Мы также можем узнать время с момента последней перезагрузки, введя «uptime».
админ > время безотказной работы
Одним из недостатков этой системы является возможность пересылать системные команды после этих SSH-команд. Например, мы можем просмотреть файл паролей на базовом сервере, введя:
админ> время работы | cat /etc/passwd
Как видите, мы составили список всех учётных записей на этом сервере. Конечно, этот файл содержит только учётные записи, но не пароли. Пароли находятся в файле /etc/shadow, и доступ к нему есть только у пользователя root.
Получение Root-прав
Конечно, чтобы владеть этим сервером, нам понадобятся права root. Мы можем повысить их, просто набрав:
админ > sudo -i
Конфигурация этого сервера автоматизации зданий по умолчанию не имеет пароля для учетной записи «root», поэтому просто нажмите Enter, когда будет предложено ввести пароль.
Как вы видите, подсказка стала зеленой и это означает, что мы являемся пользователем root!
Теперь давайте введем здесь «help», чтобы увидеть, какие команды нам доступны.
Теперь, когда у нас есть права root на этом компьютере, мы можем делать практически всё! Давайте посмотрим, сможем ли мы извлечь хеши паролей из /etc/shadow.
AS > cat /etc/shadow
Как видите, нам удалось получить все учётные записи и хэши их паролей! При необходимости мы могли бы пропустить эти хэши через брутфорс-кракер, например, Hashcat, чтобы получить пароли в открытом виде.
Скорее всего, файл конфигурации сервера автоматизации находится в каталоге /etc. Давайте перейдём туда и выведем список всех файлов и каталогов.
AS> cd /etc
AS > ls -l
Если прокрутить список немного вниз, мы увидим файл «whitelist.rules». Он определяет, кто может подключаться к этому серверу. Давайте откроем его.

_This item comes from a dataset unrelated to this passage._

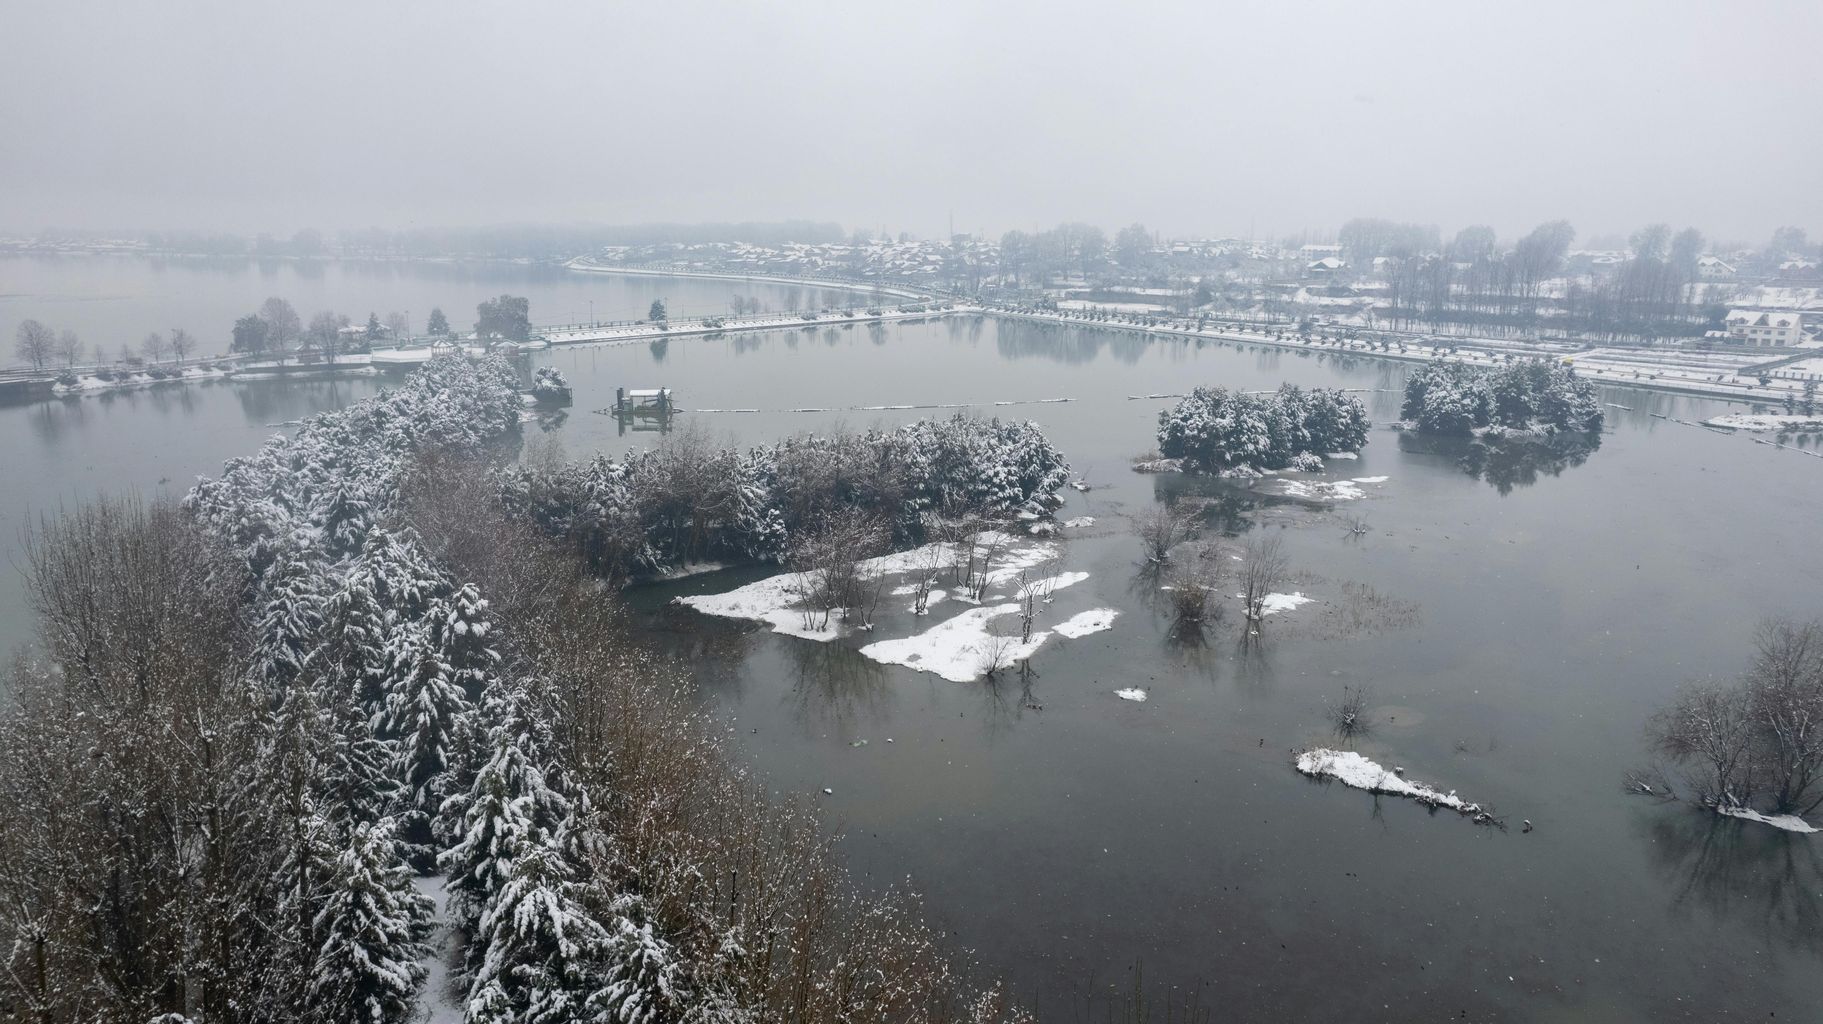 A flooded area in the middle of a snowy field

Как вы можете видеть, системный администратор никогда не настраивал whitelist.rules на этом сервере, и в результате к нему может подключиться кто угодно.
Наконец, поскольку у нас есть права root, мы можем добавлять новых пользователей. Прежде чем уйти, я могу добавить себя в список пользователей, предоставить себе права root и добавить себя в правила whitelist.rules, чтобы даже если администратор устранит эту уязвимость, у меня сохранилась учётная запись и доступ к этому серверу.
Надеюсь, само собой разумеется, что теперь, когда у меня есть доступ к системе с правами root, я могу изменять и манипулировать этой системой так, как захочу!
Хотя f/society, вероятно, использовал другой сервер, нежели эта уязвимость коммерческого интеллектуального здания, я надеюсь, что это подчеркивает, насколько уязвимы эти системы и насколько богатой областью для взлома является Интернет вещей!